Data extract:

================

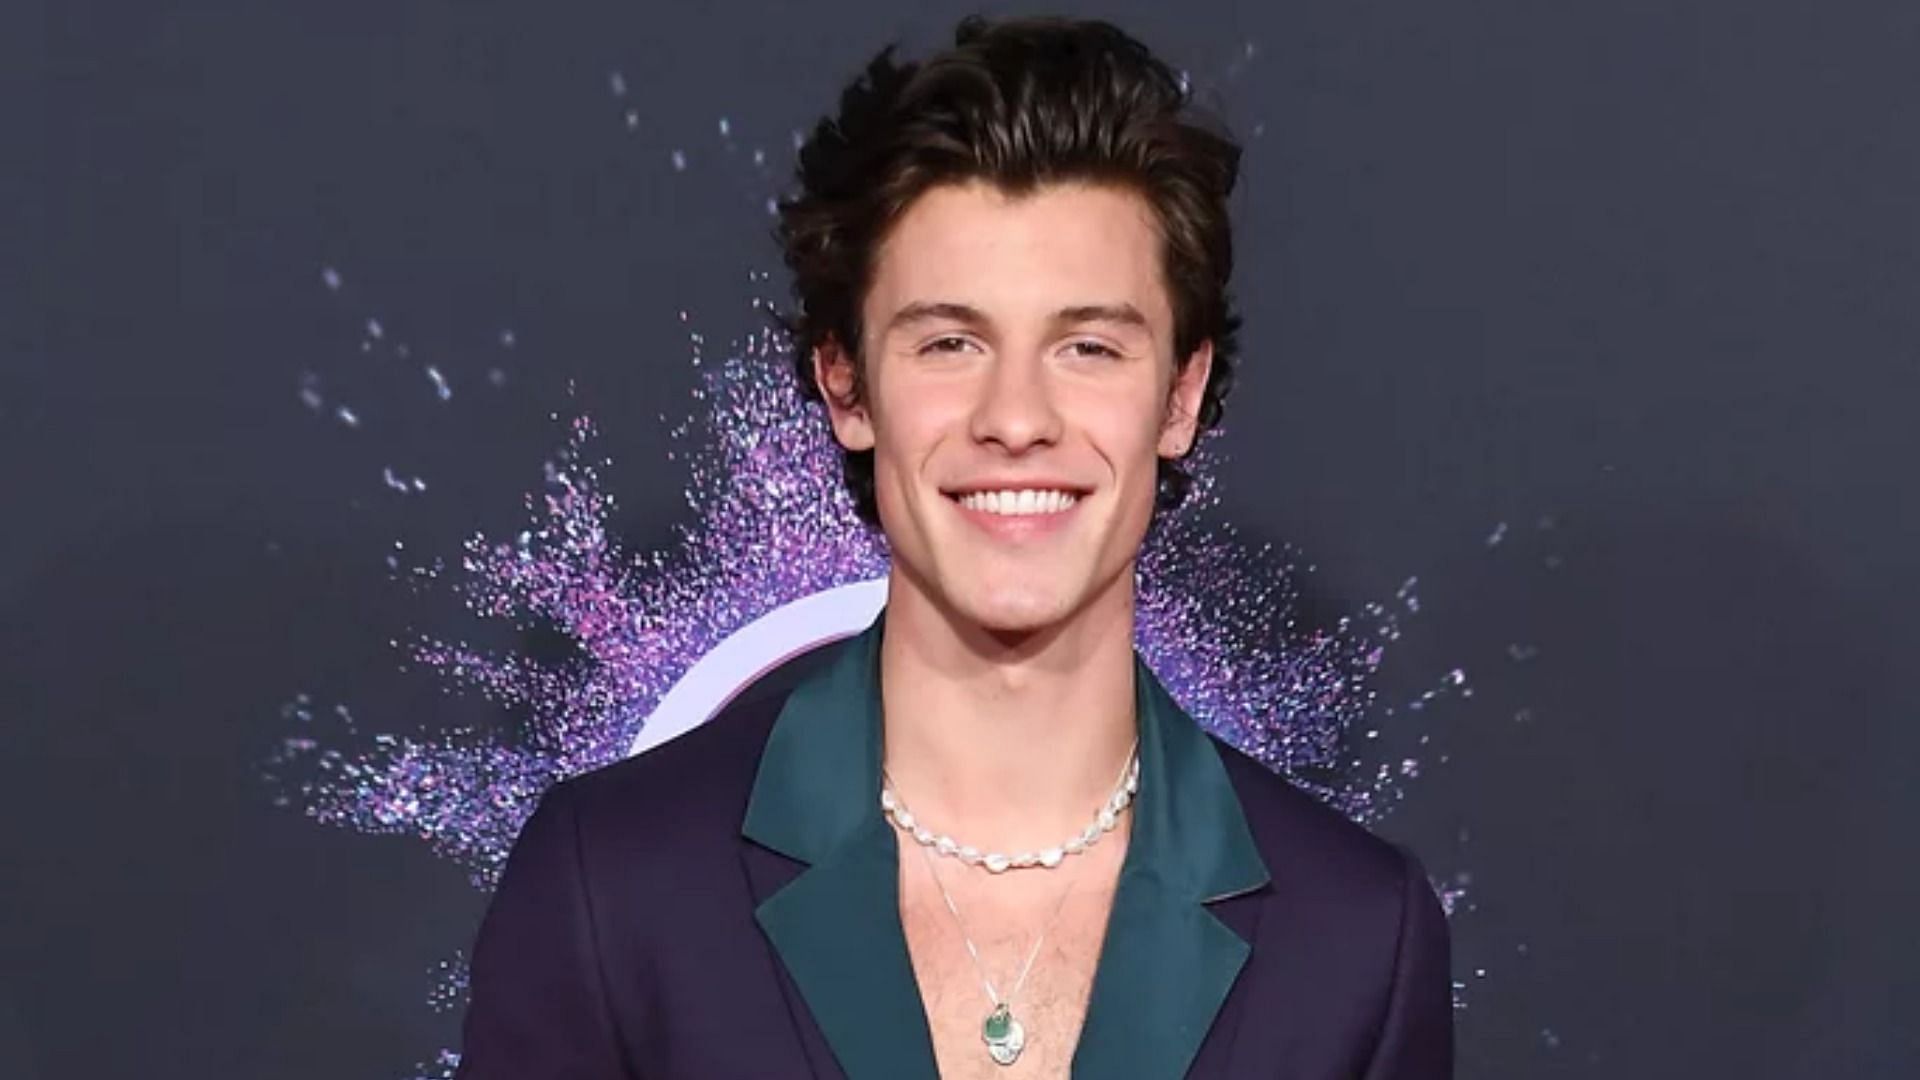 Shawn Mendes&#039; new single is inspired by his breakup with Camila Cabello (Image via Steve Granitz/Getty Images)
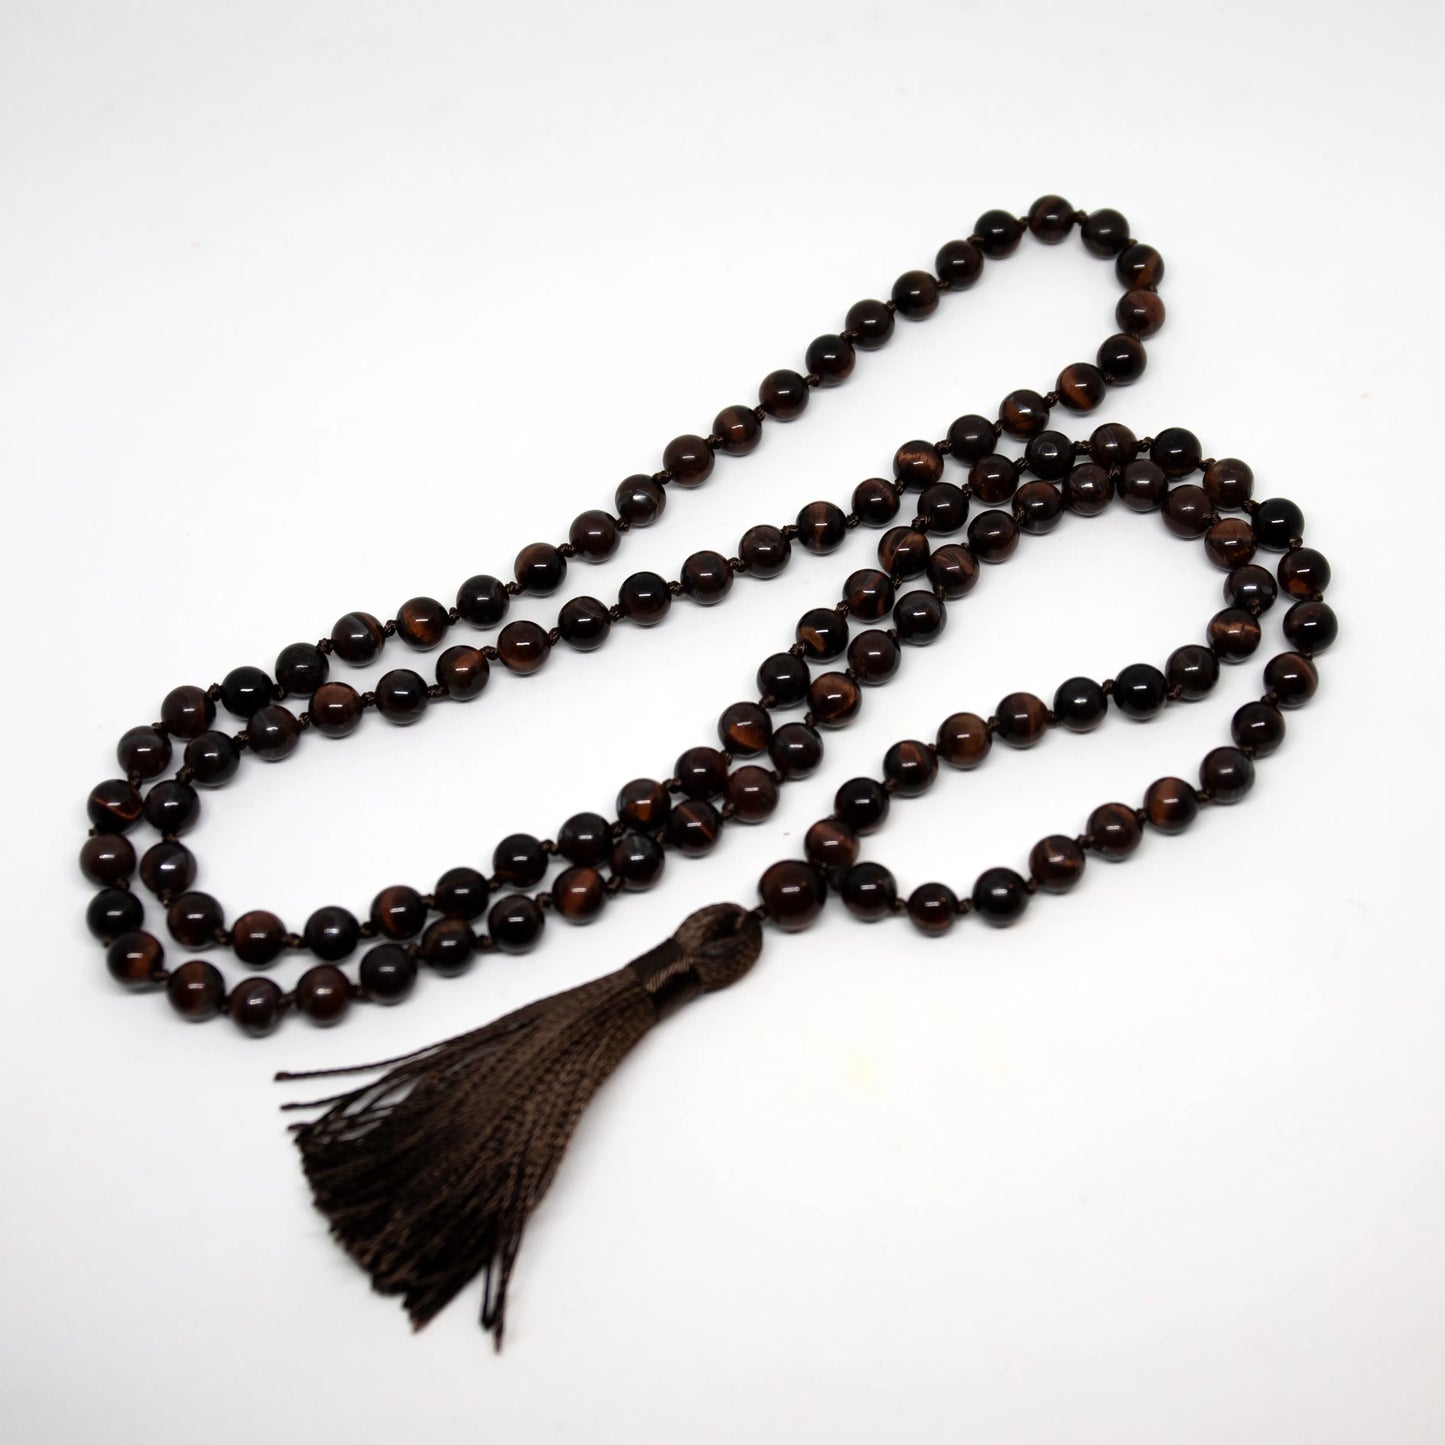 Red Tiger's Eye Knotted 108 Bead Mala - Prayer Beads - 8mm (1 Pack)
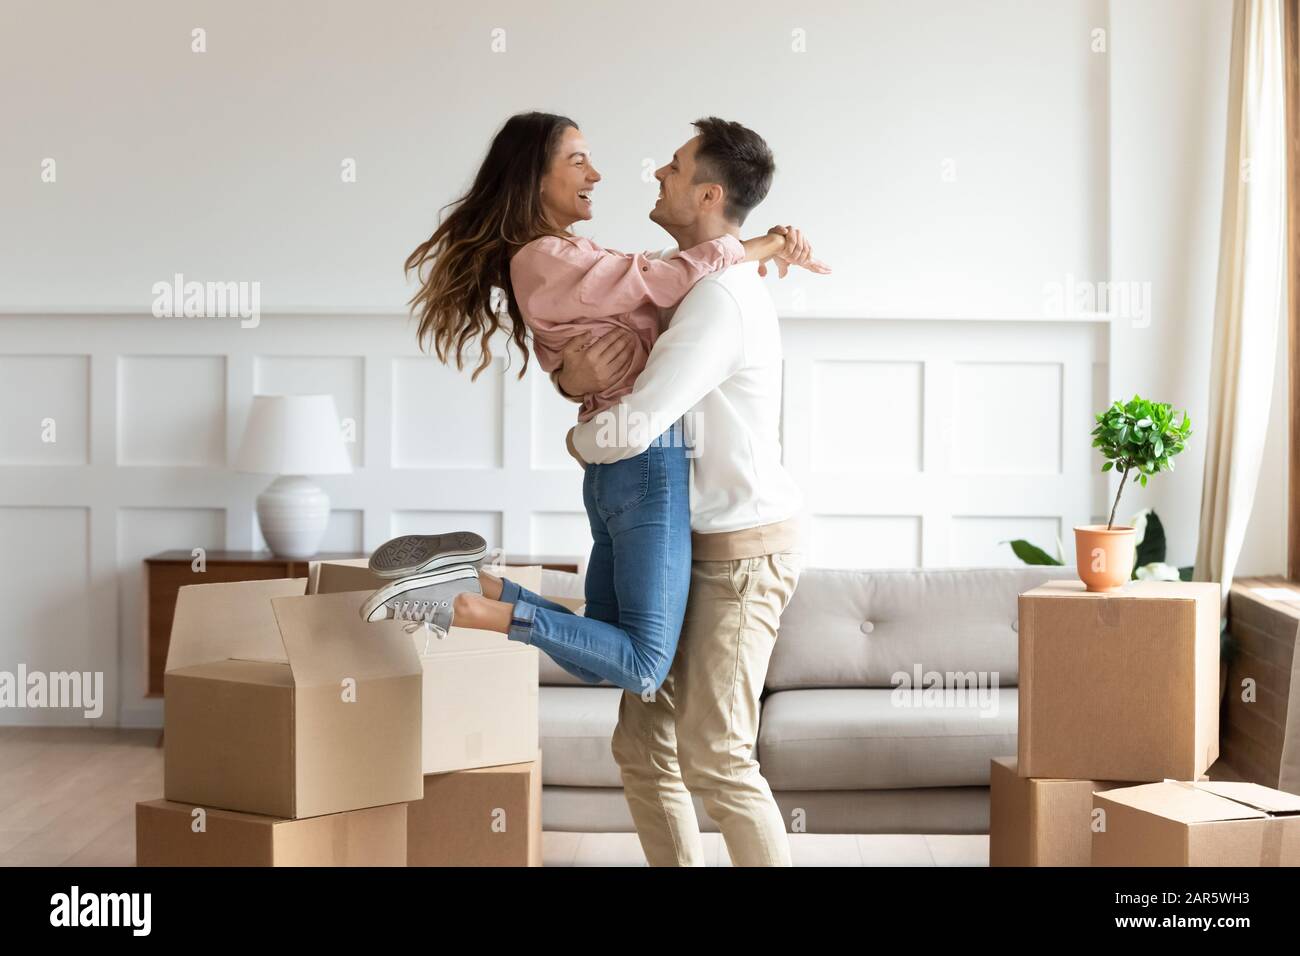 Overjoyed couple dancing excite to move in together Stock Photo

================

Reproduce the material word for word. Any pictures should be left out of the copy.

Solution for this exercise:
 Shawn Mendes&#039; new single is inspired by his breakup with Camila Cabello (Image via Steve Granitz/Getty Images)
 Red Tiger's Eye Knotted 108 Bead Mala - Prayer Beads - 8mm (1 Pack)
 Overjoyed couple dancing excite to move in together Stock Photo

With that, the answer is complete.